*MATERIAL TO PROCESS*
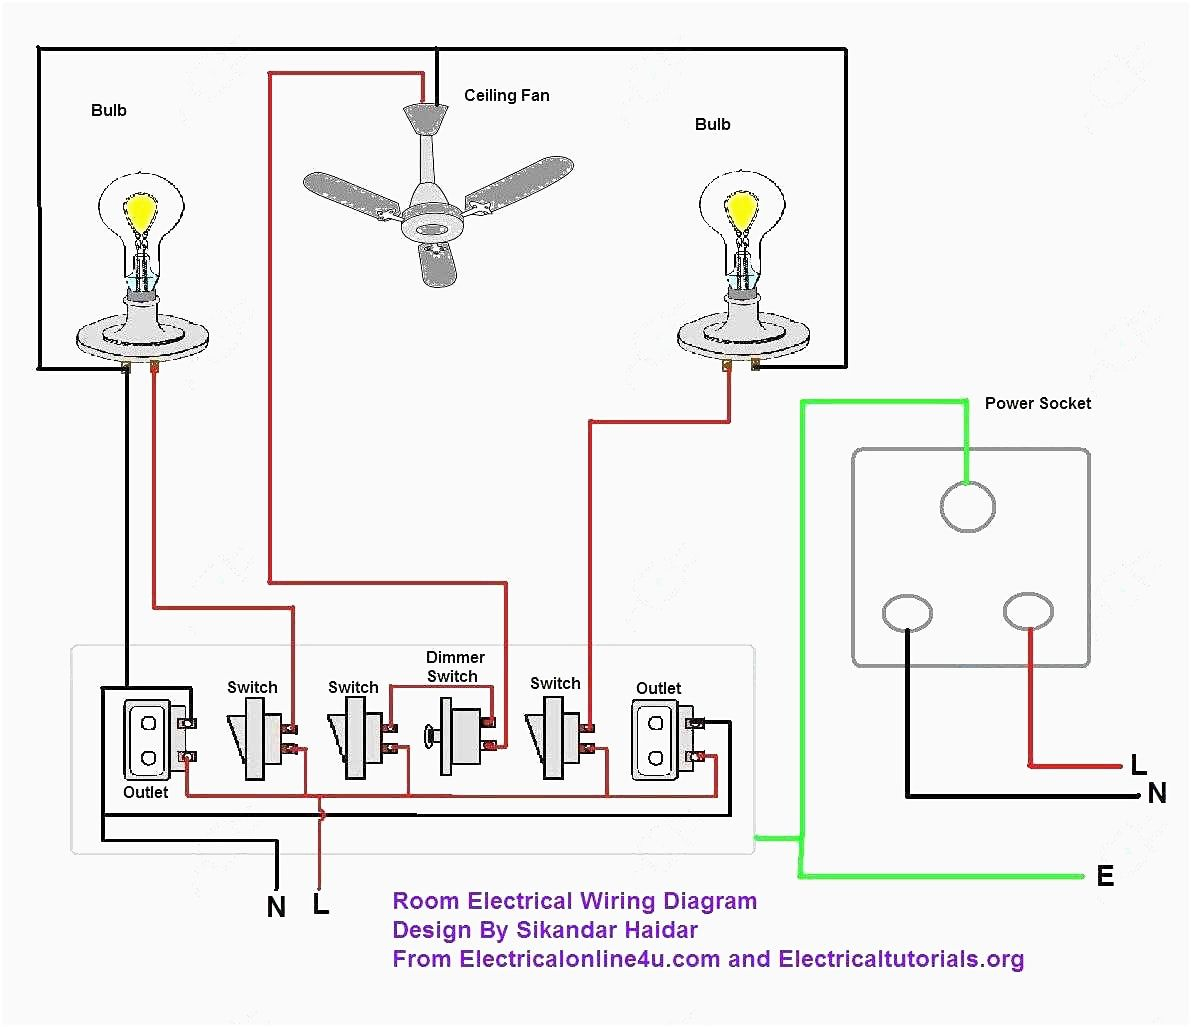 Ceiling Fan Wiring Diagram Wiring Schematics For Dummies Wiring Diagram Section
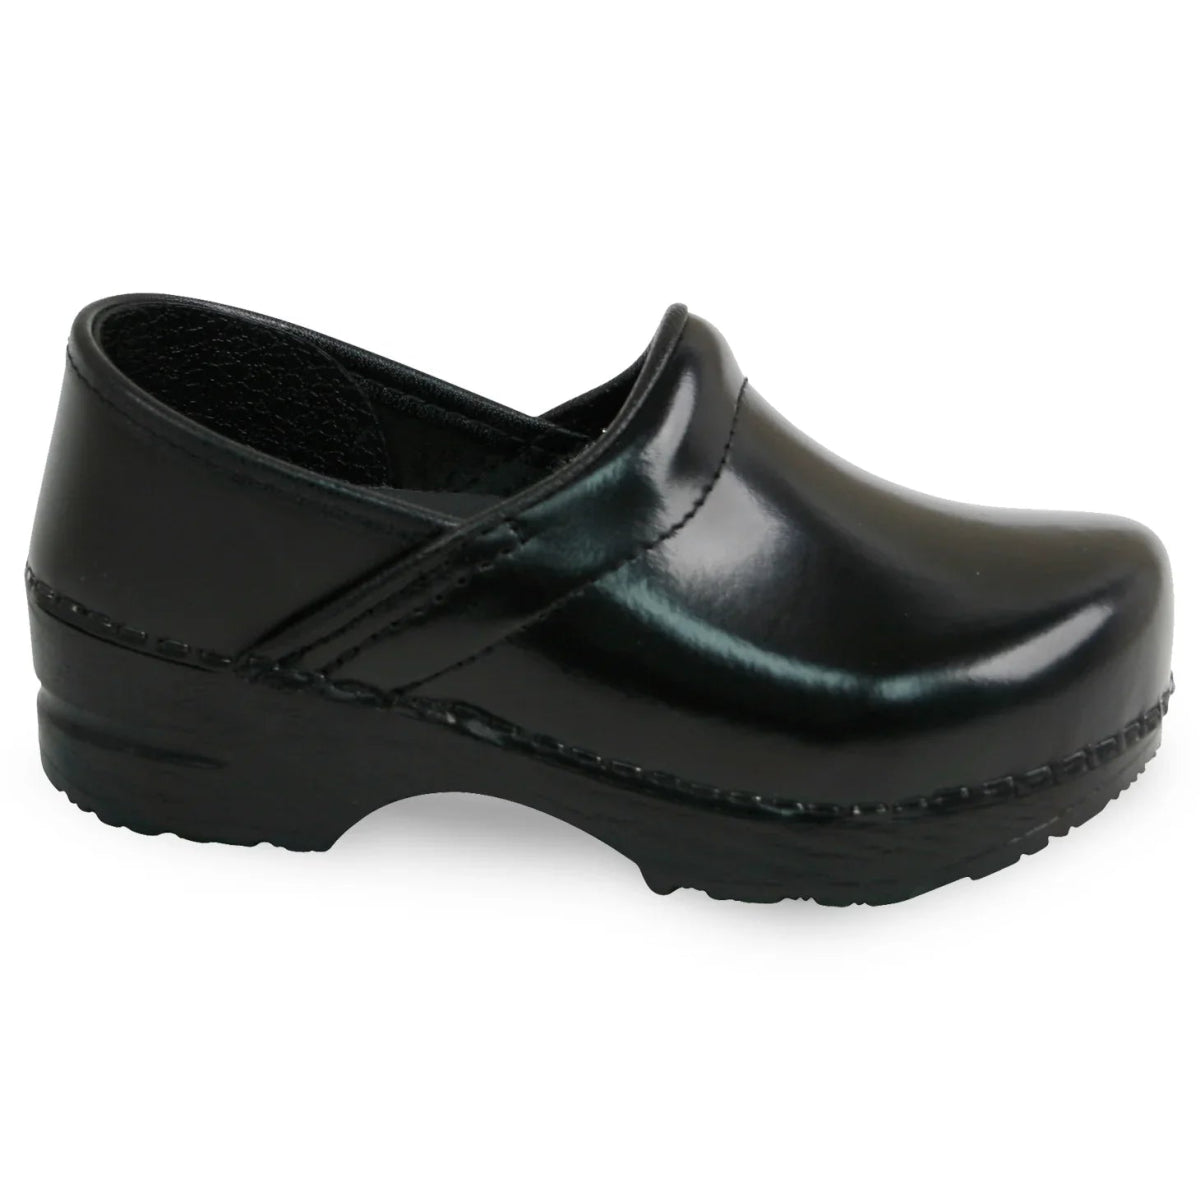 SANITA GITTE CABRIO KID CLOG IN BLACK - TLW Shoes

--

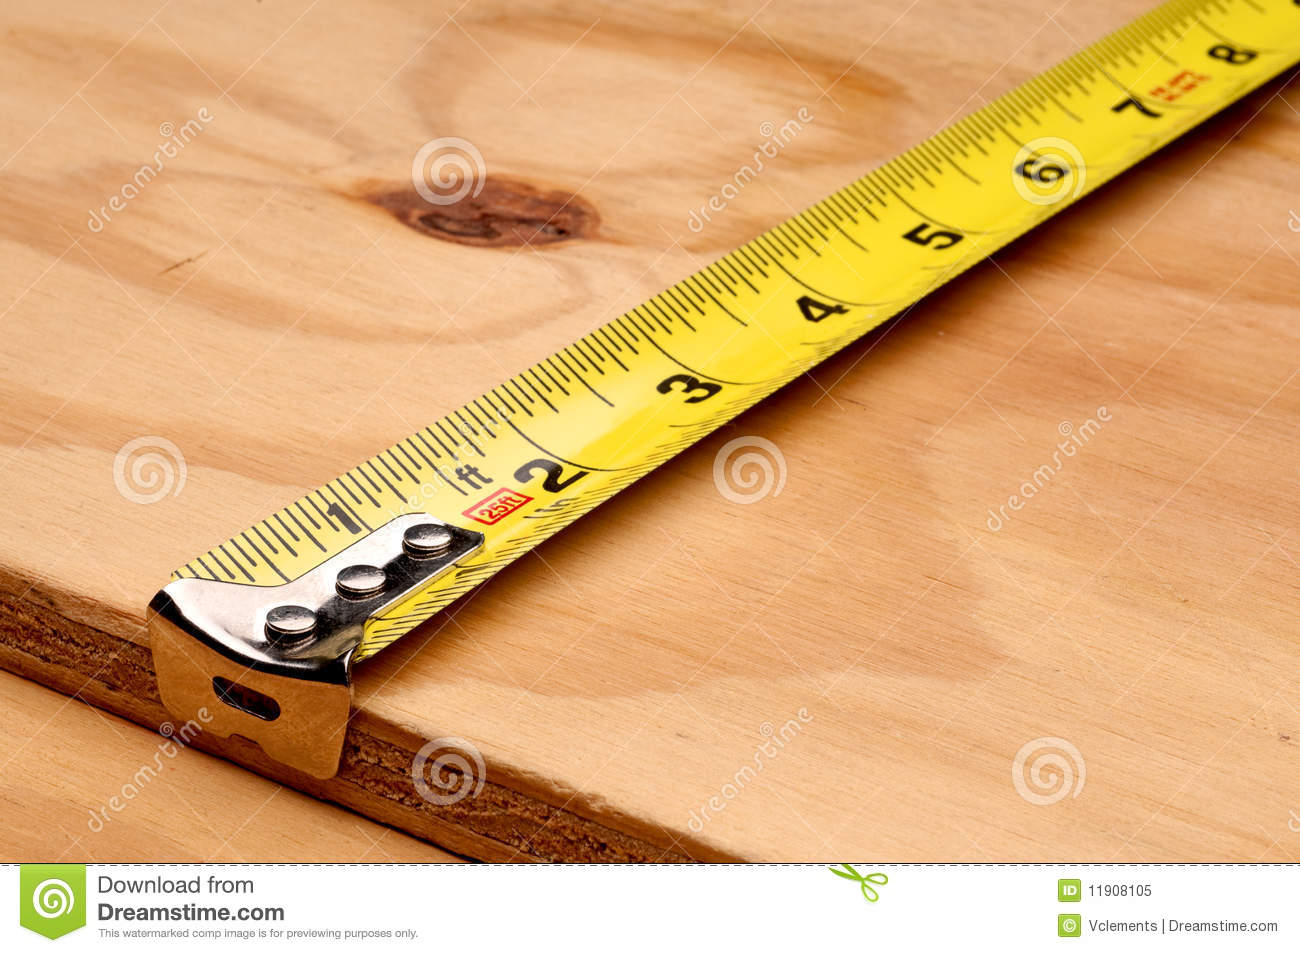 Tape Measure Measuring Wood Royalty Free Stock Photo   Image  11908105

*WORK INSTRUCTIONS*
Exact copy, pictures excluded: from the line with "Ceiling Fan Wiring" up to and including the line with "SANITA GITTE CABRIO" in the data above.

*TASK SOLUTION*
 Ceiling Fan Wiring Diagram Wiring Schematics For Dummies Wiring Diagram Section
 SANITA GITTE CABRIO KID CLOG IN BLACK - TLW Shoes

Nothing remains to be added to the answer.